После родов и длительной болезни Настя вышла первый день на работу. Она не могла надышаться свежим морозным воздухом. От слабости и чистого пьнящего воздуха слегка кружилась голова. Настя счастливо улыбалась:
– Господи, хорошо-то как! Синицы поют, солнышко светит! – Она обернулась к мужу. – Пережили, Ваня, зиму. Весна идет!
– Идет, идет! – недовольно буркнул Кужелев. – Грязищи скоро будет – не пролезешь, а обувку за зиму решили! – продолжал бурчать Иван.
Настя, не слушая брюзжание мужа, продолжала наслаждаться весенним морозным утром.

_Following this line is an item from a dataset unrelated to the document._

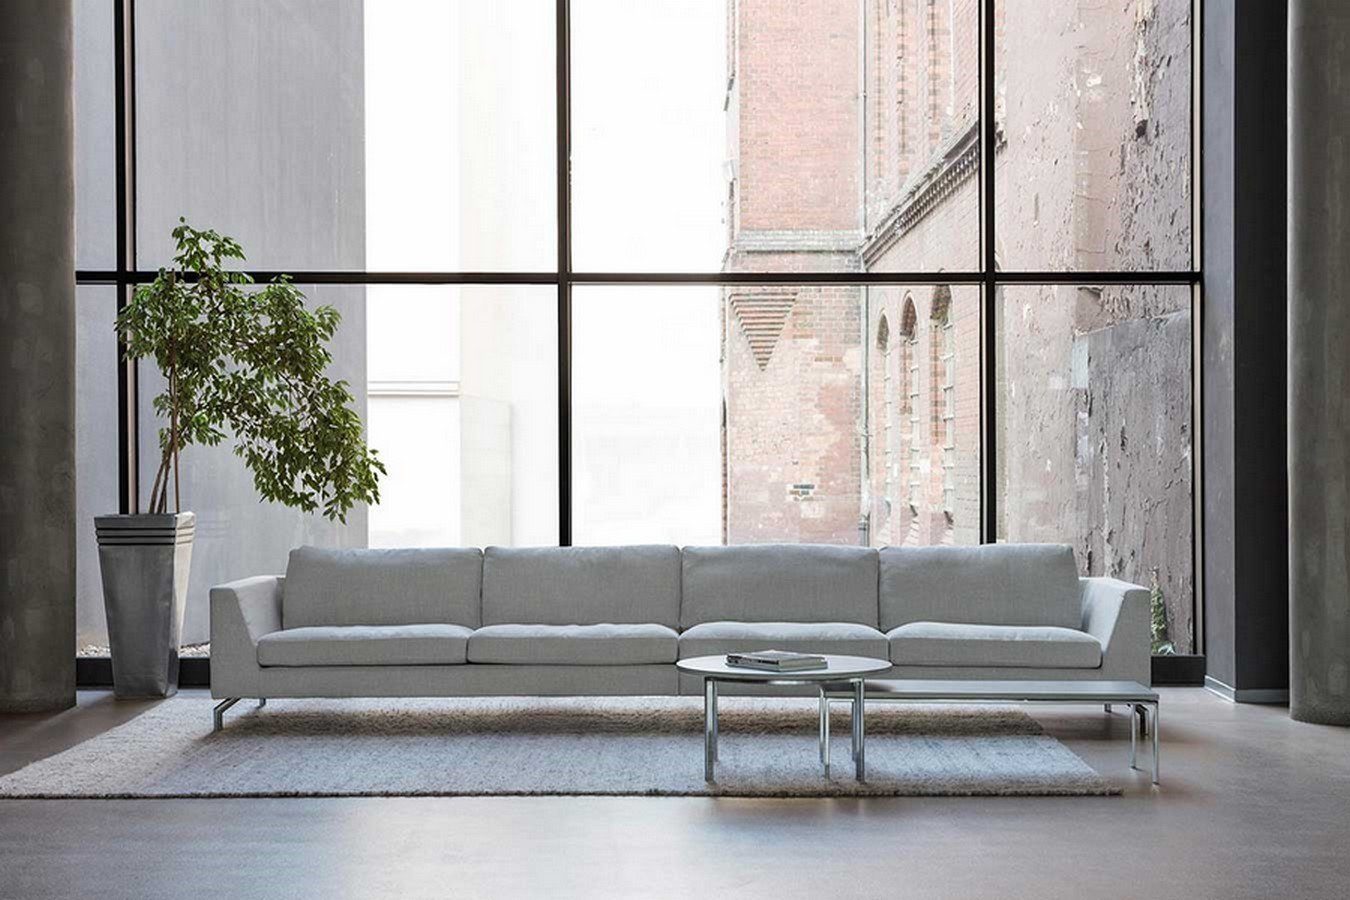 Stoff living Oslo Sitzer daslagerhaus Big-Sofa Sofa orange 3,5 Premium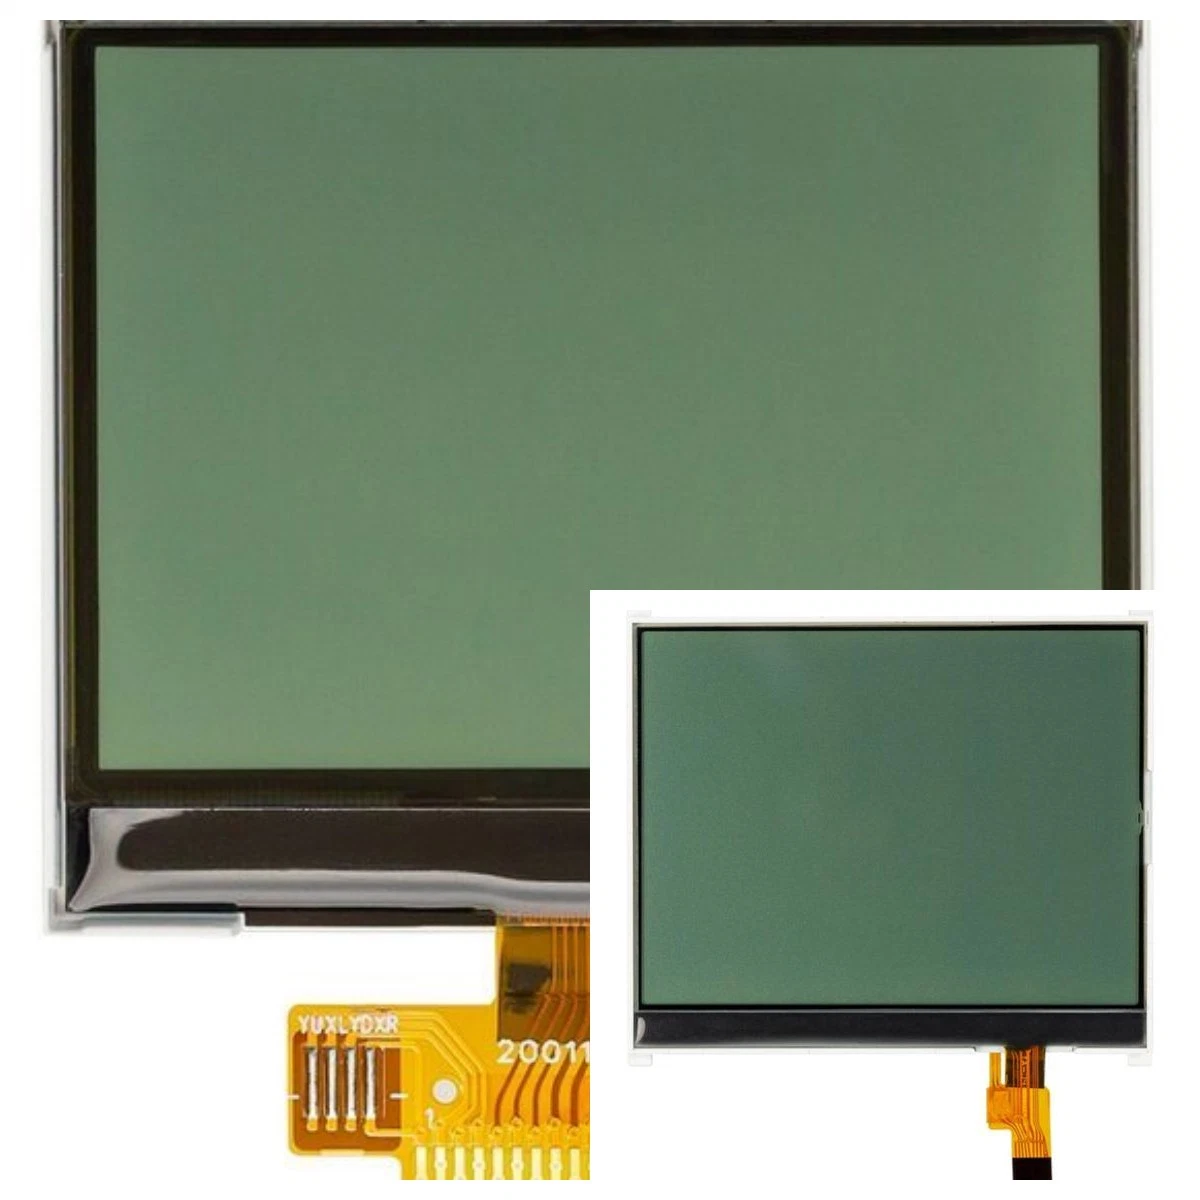 وحدة LCD الرسومية، شريحة 7 متوافقة مع RoHS OEM/ODM LCD أحادية اللون وحدة LCD

«Господи, – думала она. – Сколько мало надо человеку для счастья!» – Она обостренно чувствовала этот весенний пьянящий воздух, бодрящий, словно пивные дрожжи. Молодой, начавший крепнуть организм буквально пропитывался ими. От забродивших дрожжей закипала кровь, хотелось жить. Так страшно хотелось жить, что Настя вдруг остановилась и тихо засмеялась.
Иван тоже остановился и испуганно спросил жену:
– Настя, ты чего?
– Просто так я, Ваня! – успокоила мужа Настя. – Барак надоел, хворать надоело! – Настя прикрыла глаза. – Хорошо на улице… солнышко светит!